The model of CIH was established using our previously described protocol [22]. Briefly, mice assigned to the CIH group were placed in a specially designed chamber. The chamber was connected to a gas control delivery system which allows the flow of pure nitrogen to reduce O₂ to 6% within 60 seconds, after which the control system also allows a quick replacement of oxygen resulting in a rapid reoxygenation to 21% O₂ within 60 seconds. This 2-minute CIH cycle was repeated 30 times per hour for 8 hours per day, for a total duration of 8 weeks. For the Control group, room air was forced into the chamber during the entire experiment. After exposure to CIH for 8 weeks, all mice were euthanized by cervical dislocation by a trained professional after isoflurane anesthesia. Then, the pancreatic tissues were isolated.

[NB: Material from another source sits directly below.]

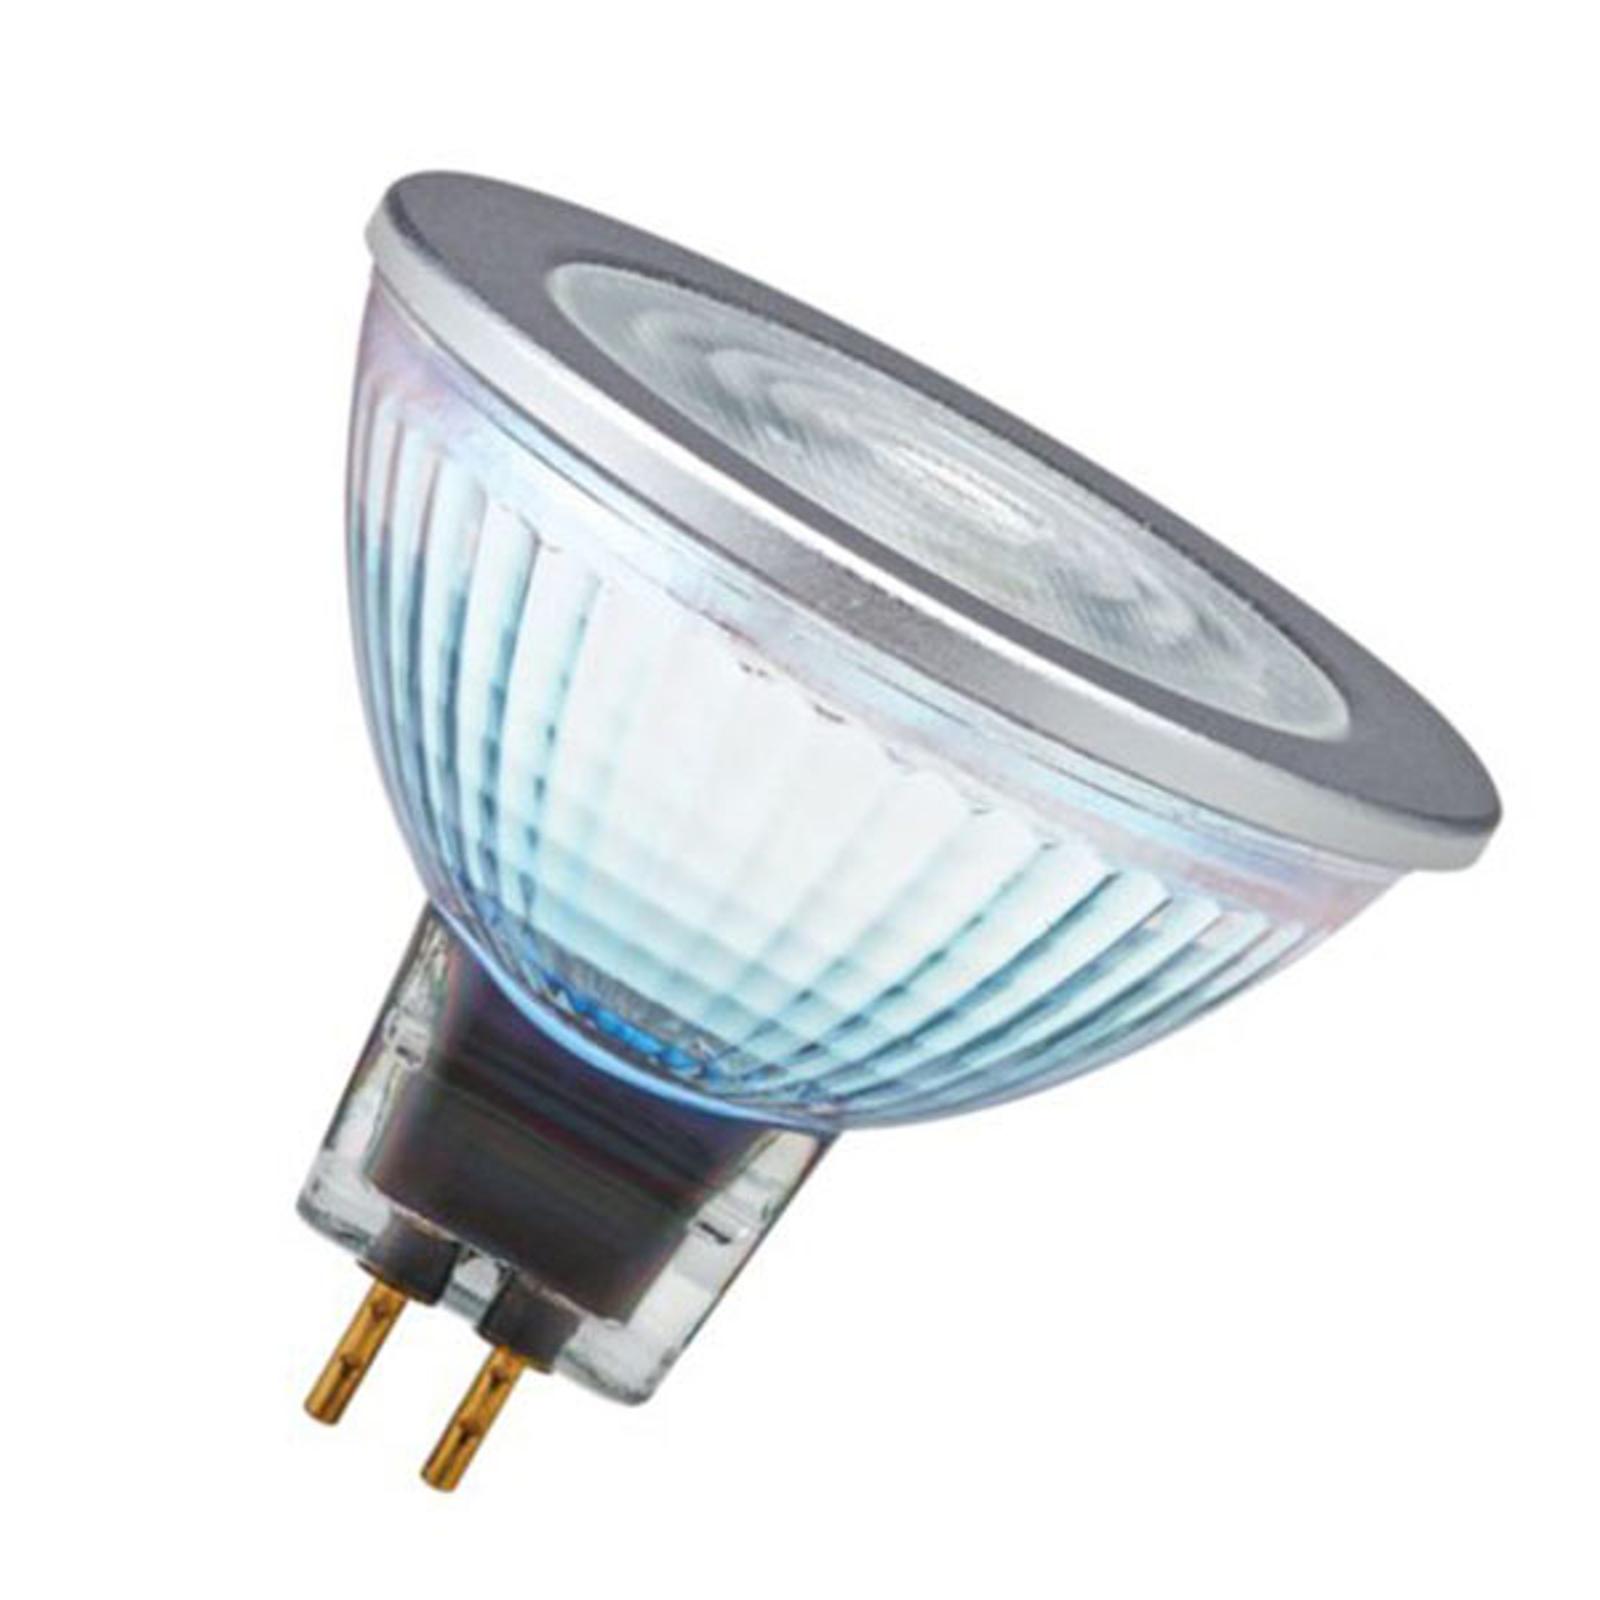 OSRAM LED-Reflektor GU5,3 8W 927 36° dimmbar
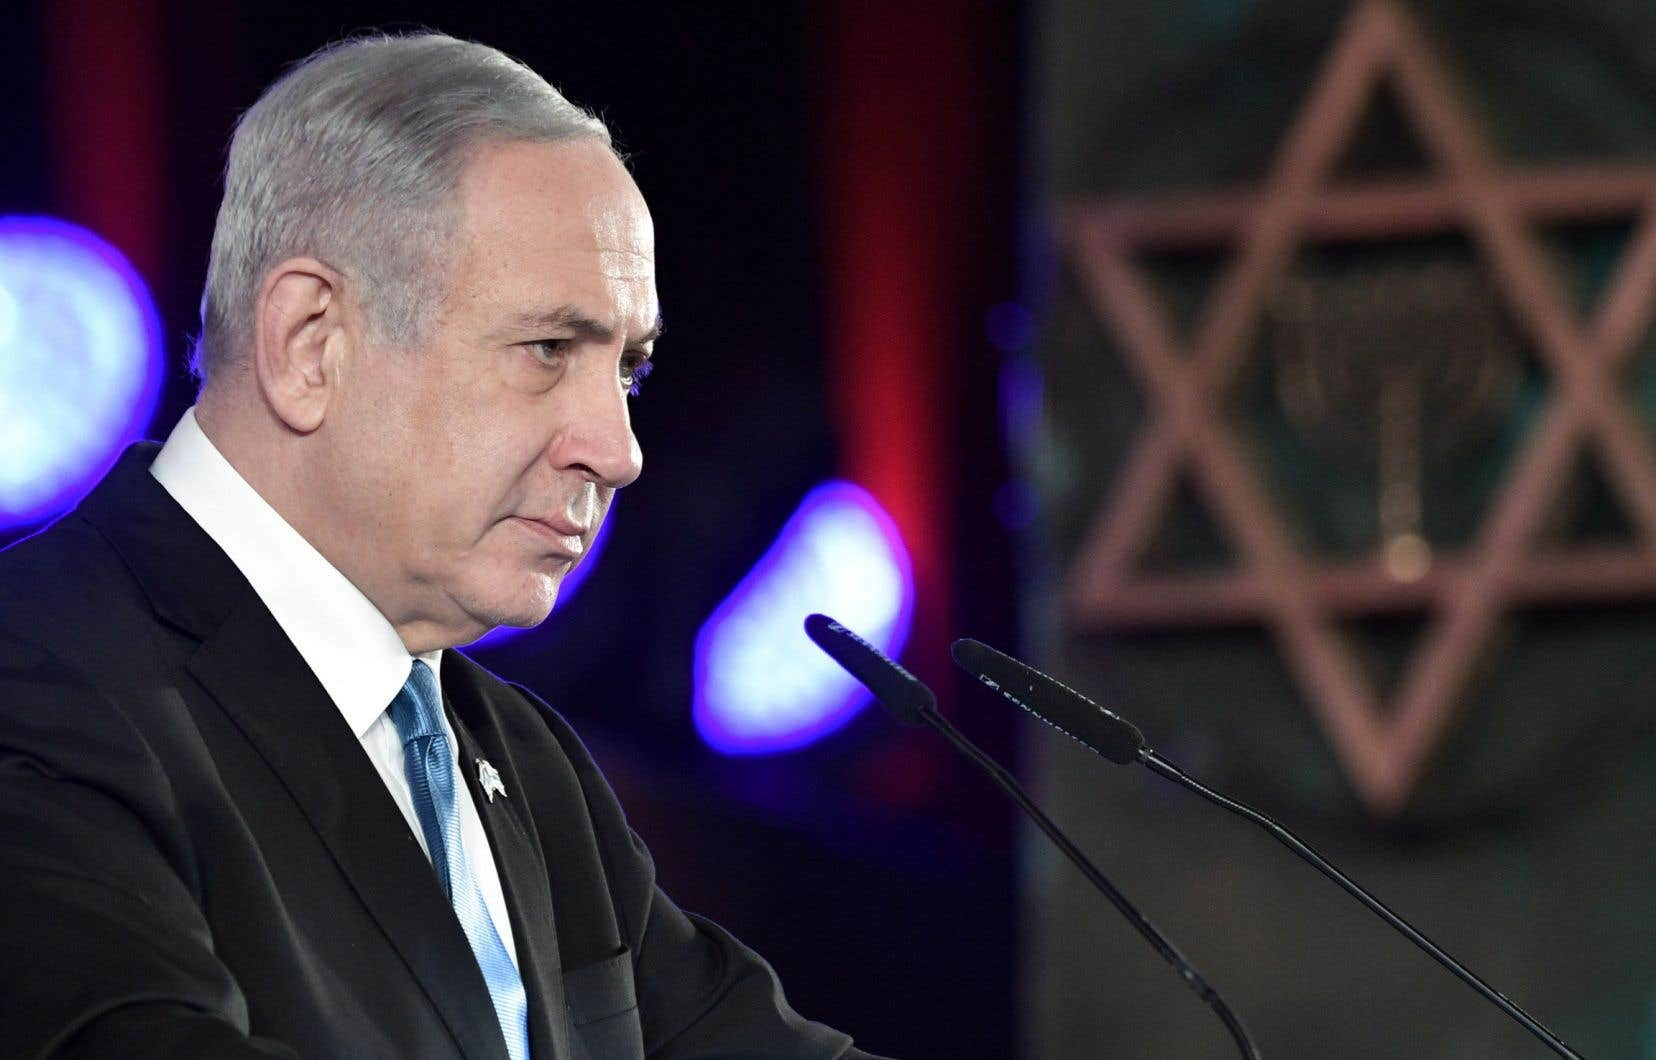 «Une opportunité de la sorte n'arrive qu'une seule fois dans l'histoire et nous ne pouvons pas la rater […] J'ai bon espoir que nous sommes au seuil d'un moment historique pour notre État», a déclaré M.Netanyahu.

Hematoxylin-eosin (HE) staining

The pancreatic tissues harvested from the mice were washed with 0.9% saline, fixed in 4% formaldehyde, and then embedded in paraffin. Finally, the tissues were sliced to 5μm thick and stained with HE for further analysis. The morphologic alterations were observed under a light microscopy.

CircRNA microarray analysis

We have finished the Arraystar Mouse circRNA Array V2 analysis of the 6 samples. According to the standard protocols Arraystar (Arraystar, Inc.), we conducted the work of sample labeling and microarray hybridization. In brief, we first used Rnase R (Epicentre, Inc.) to digest the total RNAs. Then, we utilized a random priming method (Arraystar Super RNA Labeling Kit) to amplify the enriched circRNAs and transcribe them into fluorescent cRNA. The labeled cRNAs were next hybridized to Mouse circRNA Array V2 (Arraystar). Subsequently, the Agilent Scanner G2505C was used by us to scan the arrays. We employed the Agilent Feature Extraction software (version 11.0.1.1) to analyze the images. circRNAs were deemed as significantly dysregulated by the cutoff fold change≥1.2 and P<0.05. At last, we applied the R software limma package to perform quantile normalization and subsequent data processing.

GO and KEGG pathway analysis

GO and KEGG enrichment analysis were performed to reveal the potential role of circRNAs. We presented the enriched GO terms by using enrichment score. KEGG analysis was applied to determine the different biological pathways of downstream mRNAs. The threshold for the P‑value was <0.05 and the count number was >2. The enrichment score [–log10 (p-values)] represented the significance of GO and KEGG pathway correlations.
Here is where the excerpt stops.